Aliás, este tema é debatido no livro “The Zero Marginal Cost Society: The Internet of Things, the Collaborative Commons, and the Eclipse of Capitalism”. É um debate sobre novos modelos econômicos com impacto direto na maneira das empresas realizarem negócios.
Que todo este debate nos mostra? Que a transformação digital vai atingir de forma disruptiva todos os setores, em maior ou menor grau. E é apenas o ponto de partida, a base, que vai nos permitir construir novos e inovadores negócios.
Isso vai acontecer muito mais rápido que pensamos. Seu negócio estabelecido há dezenas de anos não garantirá sua sobrevivência nos próximos dez anos. Os executivos das empresas, sejam CEOs, CMOs, CFOs e sim, os CIOs, devem olhar com atenção estes movimentos de mudança estruturais e desenhar as estratégias de reinvenção de seus negócios.
O papel dos CIOs deverá mudar significativamente nos próximos anos, assumindo a liderança da jornada de transformação digital, sob o risco de perder relevância, se não o fizer! E claro, a organização da TI deverá mudar. Uma organização digital deve responder com rapidez às mudanças. Uma estrutura hierarquizada e rígida não sobreviverá ao dinamismo da digitalização. As mudanças demandam velocidades que os atuais modelos organizacionais não conseguem atender.
Esta reinvenção passa pela mudança na maneira de pensar. Não mais linear, mas de forma exponencial. Em tempos exponenciais, ficar parado é matar a empresa. A disrupção vai fazer parte do dia a dia e pensar de forma diferente (como seria a empresa se eu começasse do zero hoje?), passará a ser o cerne das discussões estratégicas.
Estamos no início da curva de transformações. Algumas tecnologias estão se acelerando de forma exponencial. Em breve a convergência exponencial de diversas delas, criará rupturas em modelos de negócio estabelecidos. Imaginem impressoras 3D, Machine Learning, Cloud Computing e a disseminação da Internet das Coisas, juntos, permitindo criar modelos de negócio que simplesmente destruam total ou parcialmente o valor de setores sólidos como o de logística. Parece impossível pensar assim, e é, quando pensamos linearmente… mas tente imaginar um software “inteligente” (um assistente pessoal), entendendo sua descrição de um produto (pela sua descrição oral, desenhos e fotos), interagindo com você para desenhar as especificações detalhadas, que serão então enviadas a uma impressora 3D capaz de produzir tal produto que será entregue na sua casa através de uma empresa de logística disruptiva como Shyp. Sim, a tradicional logística pode ser um setor a sofrer disrupções e sugiro ler o artigo publicado recentemente pela Fast Company, “How Shyp Is Shaking Up Shipping”.

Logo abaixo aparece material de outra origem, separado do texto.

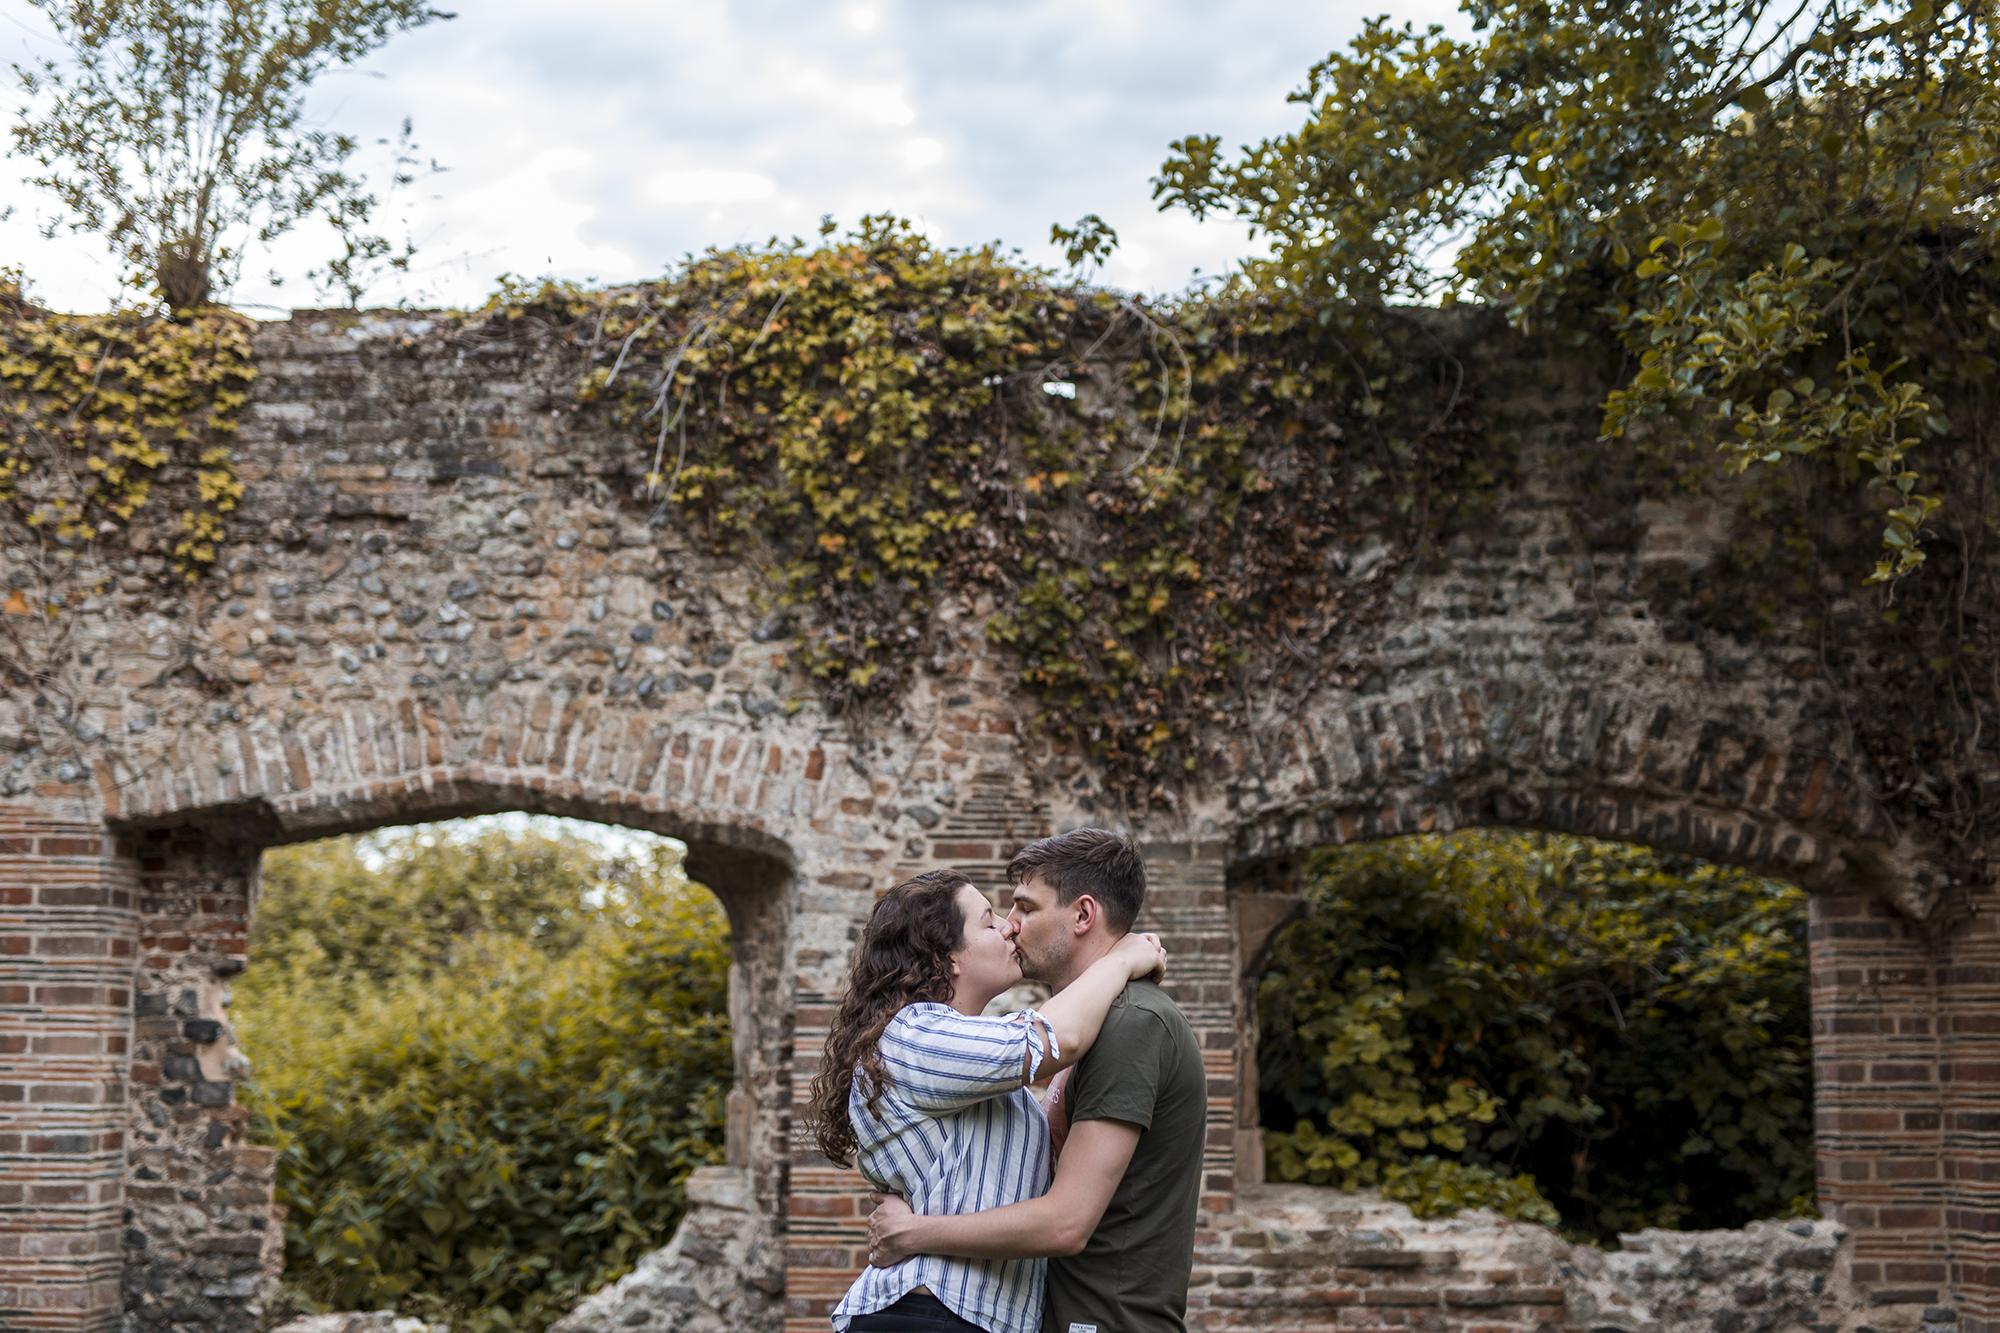 Becca & James Engagement_53.JPG

Como o crescimento é exponencial, a adição de mais alguns bilhões de pessoas conectadas à Internet nos próximos anos aumentará ainda mais o número de ideias e propostas de negócios inovadores. Tudo isso chegando cada vez mais rápido…um tsunami, ainda em alto mar, não perceptível, mas que ao tocar o solo causará uma devastação. Então, como nos preparar para este tsunami, uma vez que o terremoto causador dele já foi detectado?